俺達は踏んではならない虎の尾を踏んでしまったのか。いや、そんな筈はない。我等は宇宙最強の軍団、無敵の北宇宙連邦軍なのだ……」

「閣下、まだ勝負はこれからです」

「そうだ、我等は宇宙最強だ。だが、最終兵器P2核爆弾を蹴散らす奴等と、どうやって戦えば良いのだ……」

 ザナケル・イメテの目の焦点が合っていない。次第に、困惑と怖気が膨れ上がり、勝利のイメージが脆くも崩れ去る。

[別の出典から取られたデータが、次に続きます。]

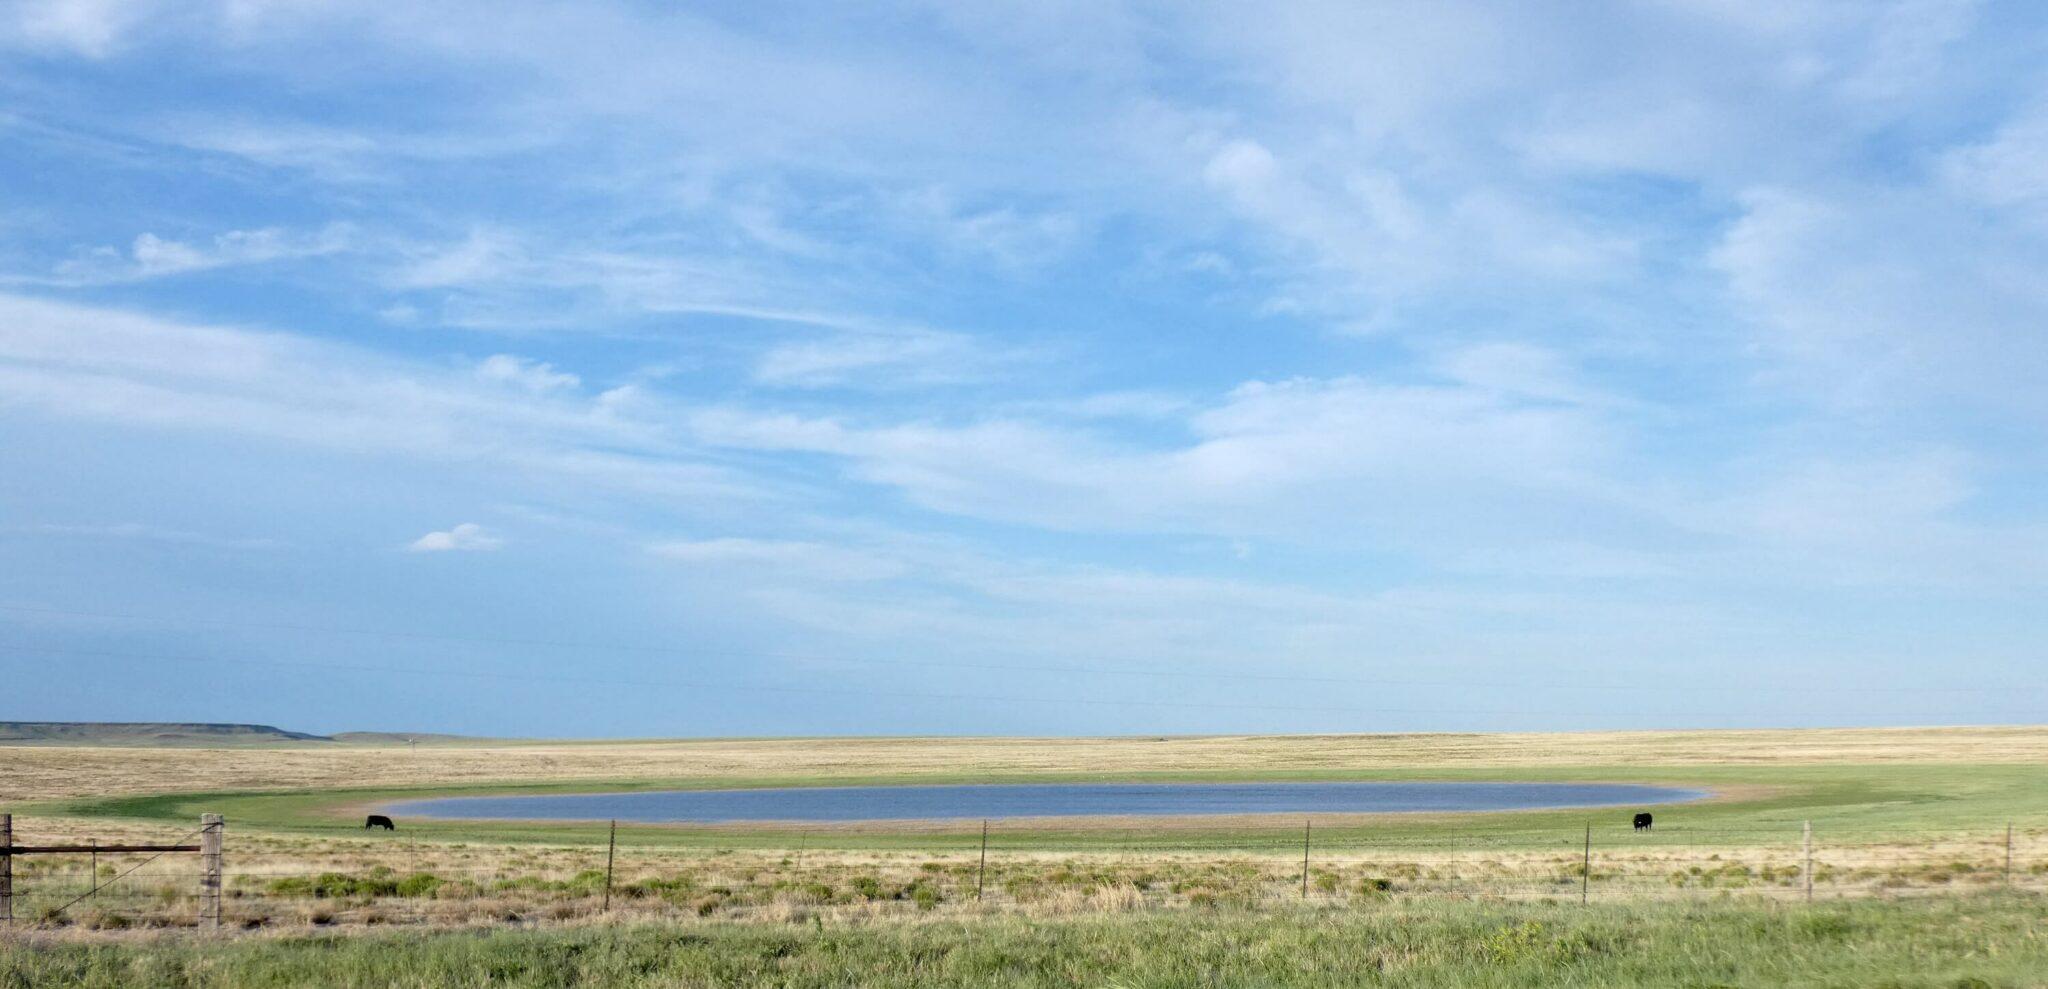 NM playa in grassland credit - Christopher Rustay

「こんな事はあり得ない。いつだって俺が一声命ずるだけで、唯それだけで敵は全て粉々に砕け、消え去ったではないか、いつだって……」

 この宇宙に存する最強の軍隊と超絶兵器に裏打ちされた自信を失った北宇宙連邦の絶対的指導者は、悲壮感を纏って呆然とした。既に戦いの先は見えている。

「閣下、悄然は未だ早う御座います。我等には、「白神様の化身」がおられるではありませんか?」

 気息奄々きそくえんえんの絶対的指導者は、天啓の言葉「神の化身」に縋るように反応した。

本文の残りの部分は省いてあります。